アルアはそんな旗を見ることなく、静かに門を潜る。だが、番人とも言える兵士はそんなアルアを冷たく睨みつけていた。
「さっさと用事を終わらせるか」
居心地が悪い空間。奥に進めばさらに嫌な思いをする。
そう感じたアルアは、少しだけウンザリとした表情を浮かべて進んでいった。
「それにしても」
アルアは何気なく回りを見渡した。石造りの壁に、床。豪華なシャンデリアにランプ、そしてそれを助長するような赤いカーペット。さすが王族が住んでいるだけの城だな、とアルアは感じてしまう。
だが、それよりも気になるものがあった。

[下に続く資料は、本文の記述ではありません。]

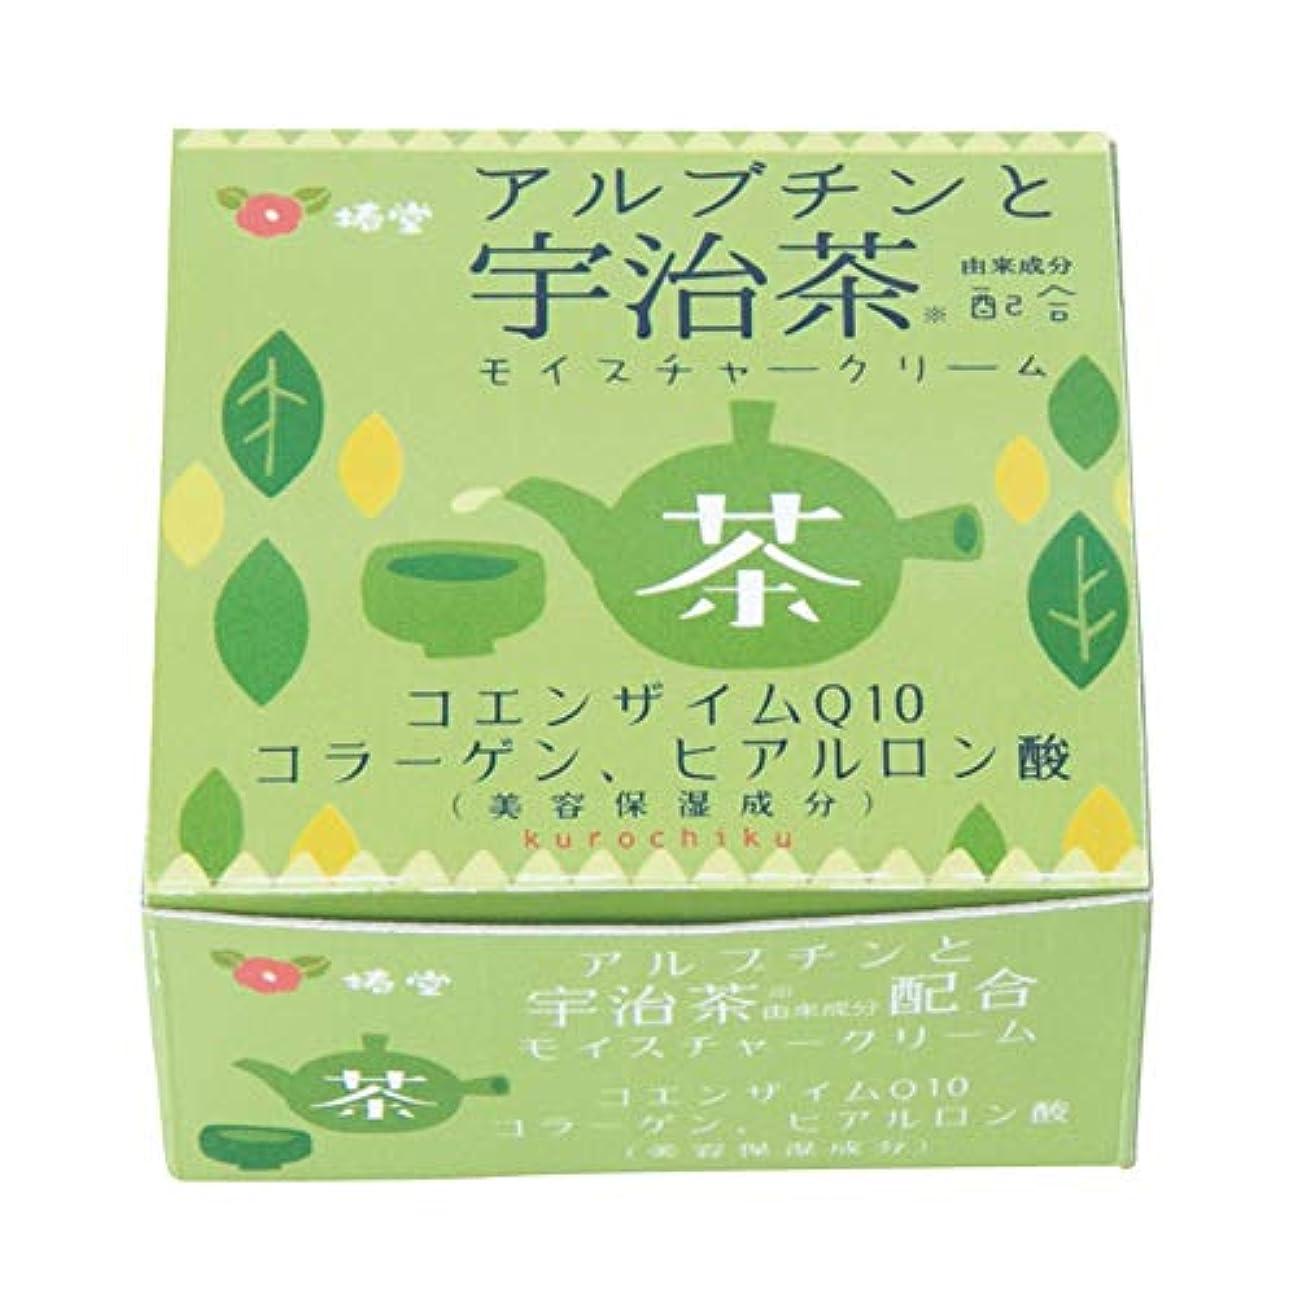 伝導率リラックス速報椿堂 宇治茶モイスチャークリーム (アルブチンと宇治茶) 京都くろちく

それは行き交う人々の中に、マギカドールが混ざっていることだ。
使用人の多くは人である。だが、中には胸元の魔石が見えるような服装としたマギカドールもいた。人はたまに雑談をしているが、マギカドールは黙々と掃除といった作業をしていた。
しかし、アルアにとってそれはどうでもいい。問題は人がマギカドールに接する態度だった。
「作業を終わりました」
「あっそ。邪魔だからどっかに行って」
マギカドールは顔色を変えず、どこかへと去っていく。だが、雑談をしていた使用人は気味悪そうな顔をして、その背中を睨みつけていた。
アルアはその光景に、思わず反吐が出そうになる。だが、大きな戦争があったこの国では、こうなっても仕方がない。それだけマギカドールは、恐れ憎まれている存在なのだ。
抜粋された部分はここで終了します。